Но возвращаться в дом очень не хотелось. И она, не вполне гостеприимно, предложила Ирине проводить ее до станции. Та немедленно согласилась и даже порывалась нести сумку. Этого ей не позволили, и, заперев калитку, Наташа двинулась в путь. Девушка пошла рядом. Только спустившись с горы на шоссе, она заговорила снова.

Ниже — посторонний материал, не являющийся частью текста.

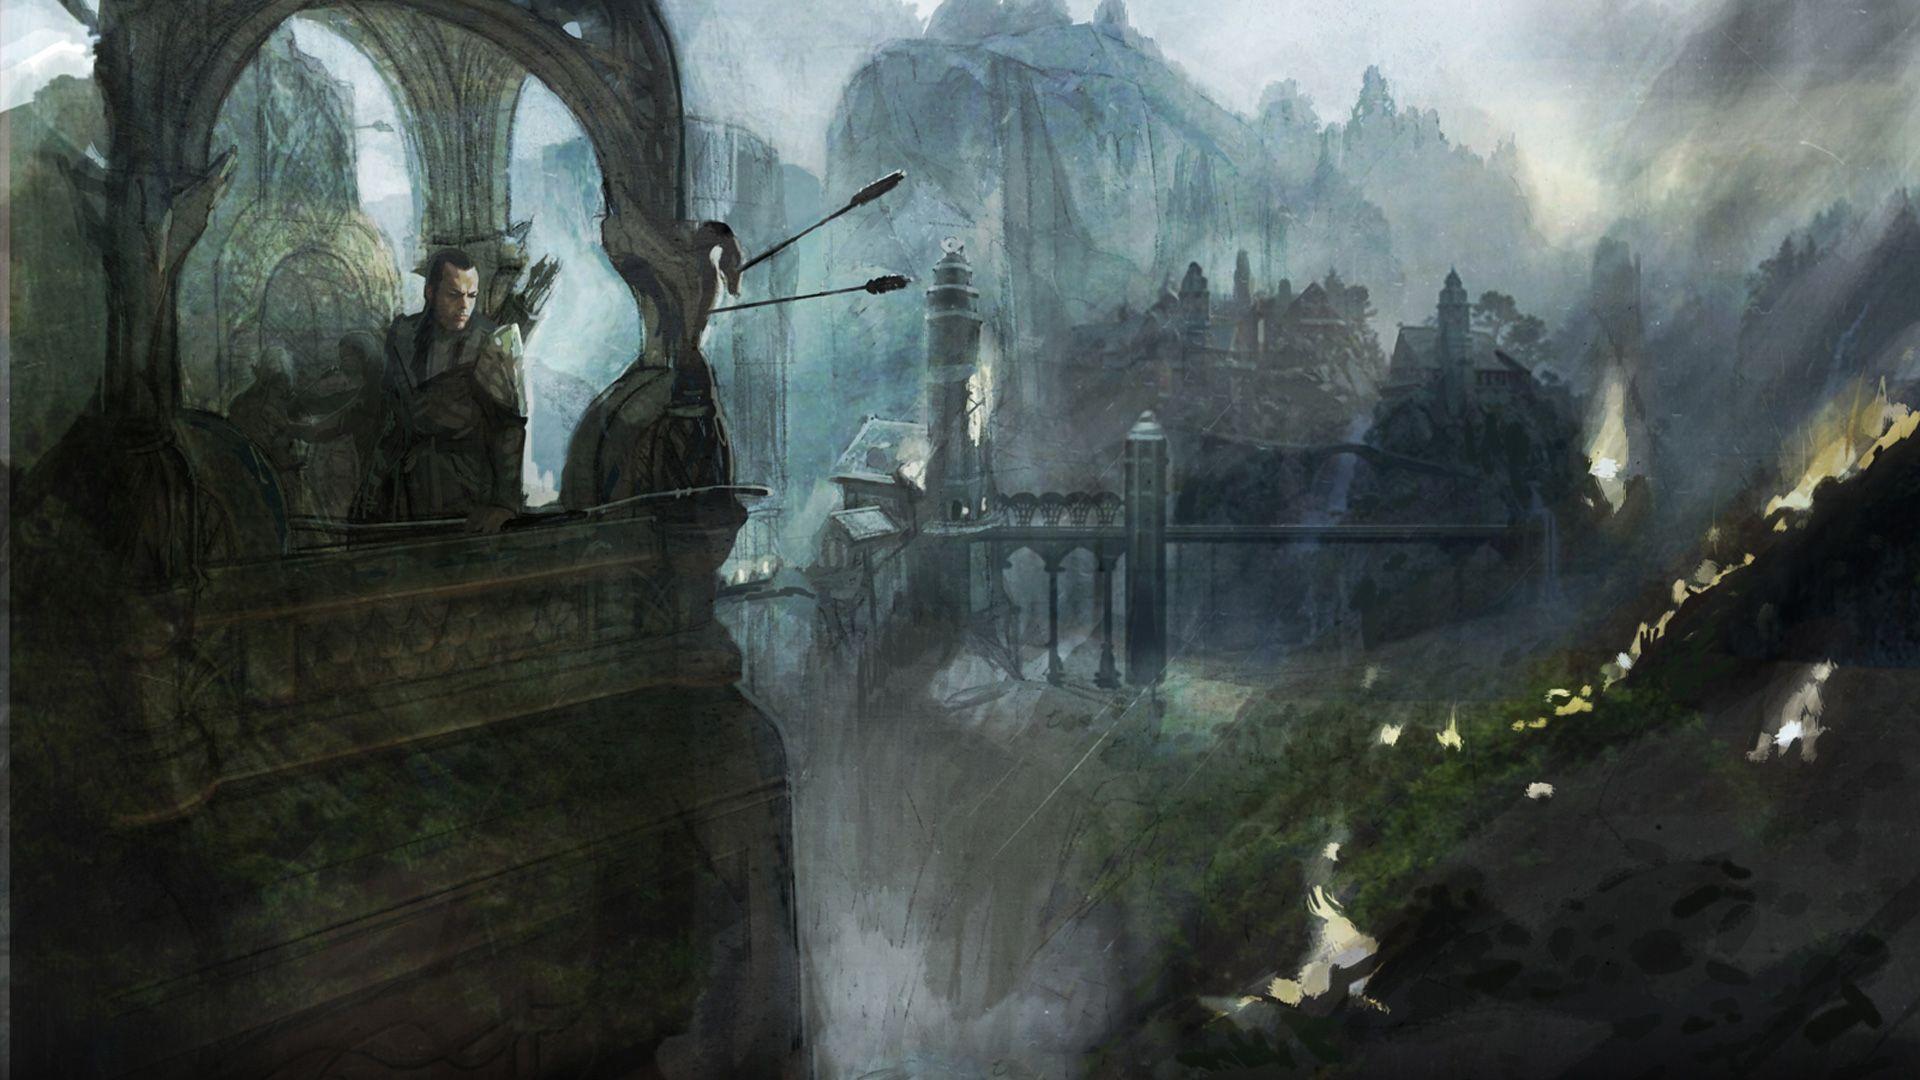 Dreamy & fantasy Wallpaper: Lord Of The Rings Rivendell Wallpaper

– Вы поняли, да? Мне не хотелось, чтобы она слышала.
– Поняла. А что она могла услышать? Почему твоя сестра засела дома?
Наташа снова начала улыбаться – уж очень забавлял ее этот неожиданно проснувшийся дар речи. Она даже хотела отбросить церемонии и спросить, почему произошла такая перемена… Как вдруг Ирина сказала такое, что сумка вырвалась из пальцев ошеломленной женщины и плюхнулась в пыль. Она стояла, прижав руки к груди и тщетно пытаясь что-то ответить. Они поменялись ролями – теперь Наташа потеряла дар речи, а Ирина говорила, не останавливаясь…
В начале мая, незадолго до смерти Анюты, на Инну напал маньяк. Неподалеку отсюда, на подступах к Акуловой горе. Девушка возвращалась с вечерних занятий шейпингом и была одна. Подруг у нее не было из-за немоты, а сестра на эти занятия не ходила, предпочитая курсы кройки и шитья. Одиночество девушки, ее стройная фигура и длинная коса сыграли с ней злую шутку. Она была почти дома – оставалось только спуститься в низину и пройти по территории большого гаражного кооператива. Это и днем-то было достаточно глухое место, которое Наташа не любила и старалась избегать. Ее пугали длинные ряды запертых гаражей, но еще больше – черные дыры открытых… Инна, выросшая в этом месте и не боявшаяся тут ничего и никого, спокойно шла между гаражами и вдруг услышала за собой шаги. Она была настолько безмятежно настроена, что даже не обернулась. Внезапно сильные руки схватили ее за шею, повалили на землю и начали душить. Инна перепугалась насмерть и растерялась настолько, что даже забыла о том, что вполне может оказать сопротивление. Она была спортивной девушкой, в отличие от сестры, больше тяготевшей к домашнему хозяйству.
– Он попытался ее изнасиловать, но у него… Вы понимаете… – смущенно говорила Ирина. – Не вышло. Тогда он на нее плюнул – представляете? И убежал. А она, хитрюга, прикинулась мертвой. Наверное, он испугался, что задушил ее!
Наташа перевела дух:
– Господи, боже мой… Она, можно сказать, легко отделалась!
– Да, только пара синяков… И еще он ей кофточку на спине порвал. Она прибежала домой и вдруг как заговорила с мамой! – И как будто сожалея об этом, девушка добавила: – Ну и я тоже заговорила – как-то с перепугу, что Инка…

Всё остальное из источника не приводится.